Simplification des tâches

La généralisation du travail des femmes dans les classes sociales supérieures, associée à une disparition progressive du personnel de service, a indubitablement entrâiné un certain nombre de conséquences au niveau de la simplification des activités domestiques. On peut ainsi constater que 56% des cadres supérieurs prennent leur repas du soir dans la cuisine, chiffre qui s'explique certainement par le désir de la maîtresse de maison de simplifier sa tâche après une journée de travail professionnel. Ce chiffre très proche de celui que l'on observe dans les autres catégories sociales (59% chez les ouvriers) traduit une homogénéisation certaine des pratiques du repas. La maîtresse de maison qu'elle soit cadre, ouvrière ou employée se retrouve en fin de journée devant les mêmes difficultés et cherche à minimiser l'effort qu'elle doit fournir. L'usage de plus en plus fréquent de la cuisine comme lieu de vie et d'échanges familiaux et le souhait exprimé par la très grande majorité des sujets, en particulier par les cadres d'avoir la possibilité de développer cet usage est sans doute un des résultats les plus clairs sur le plan de la prospective en matière de conception du logement.

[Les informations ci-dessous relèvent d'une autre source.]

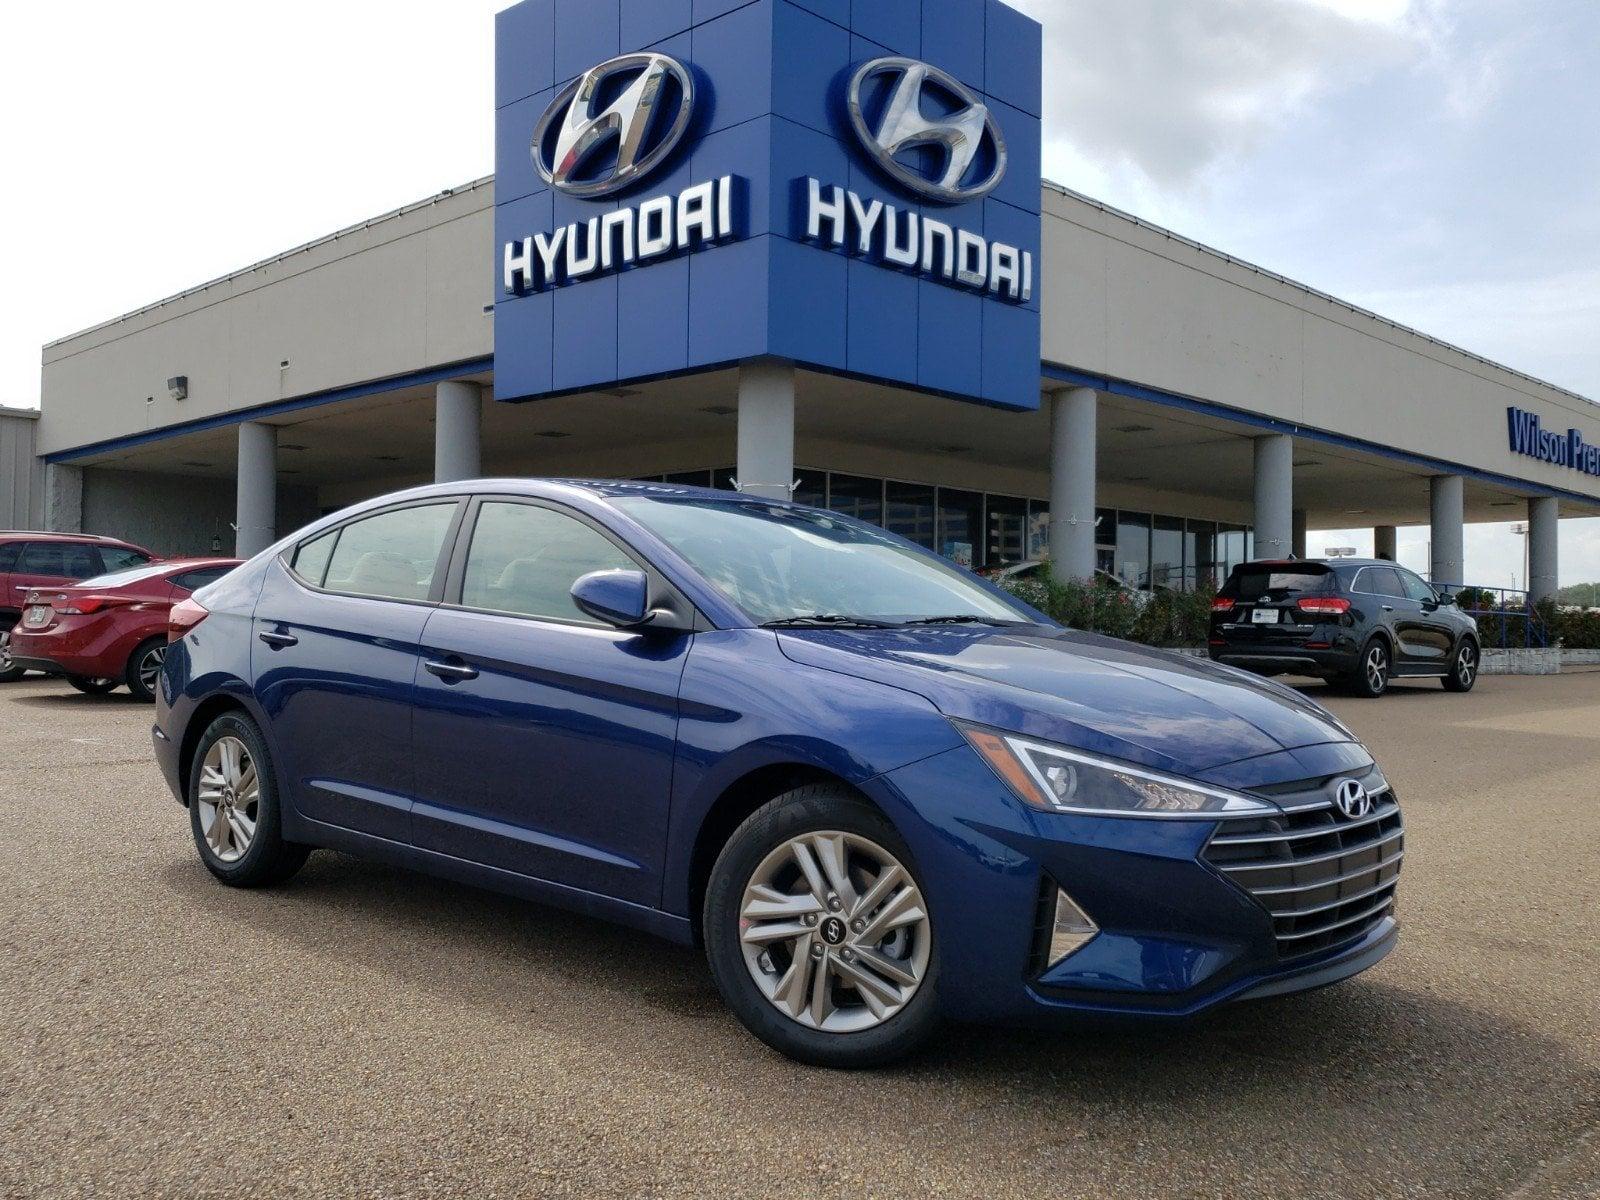 Hyundai elantra 2020 5npd84lfxlh510266 79936 884006729

Il est intéressant de noter que parallèlement au fait que la cuisine devienne un espace de convivialité, c'est aussi un lieu ou la femme est de moins en moins présente en dehors des heures de repas. Une question qui avait pour objet de designer la pièce ou chacun des membres du couple passait le plus de temps montre que plus de la moitié des femmes designe une autre pièce que la cuisine. Cette réponse est fortement corrélée avec le niveau d'instruction : 48% des femmes sans diplôme désignent la cuisine comme le lieu dans lequel elles séjournent le plus souvent, contre seulement 21% de femmes ayant poursuivi des études supérieures. L'élévation générale du niveau d'instruction des femmes pourrait à ce titre entraîner une modification sensible de l'usage des pièces.

EVOLUTION DES ATTITUDES ET DES COMPORTEMENTS

Le devenir des facteurs socio-économiques qui viennent d'être évoqués peut être affecté d'une probabilité, qui dans certains cas, peut être chiffrée. On peut prévoir le nombre de personnes âgées en l'an 2000 et estimer approximativement le taux de développement du travail féminin. Lorsque nous avons abordé les changements d'attitudes et de comportements que peut entraîner le travail des femmes, nous sommes déjà passé de la prévision quantifiable à la vraisemblance qualitative. C'est également dans cette perspective que doivent être envisagées un certain nombre d'hypothèses prospectives sur des changements d'attitudes ou de valeurs, changements qui dans une certaine mesure contribueraient à uniformiser les comportements. Trois thèmes, parmi ceux qui sont le plus souvent évoqués par les jeunes architectes (ELEB, 1989), vont nous permettre d'illustrer la prudence avec laquelle on doit traiter l'extrapolation d'observations limitées.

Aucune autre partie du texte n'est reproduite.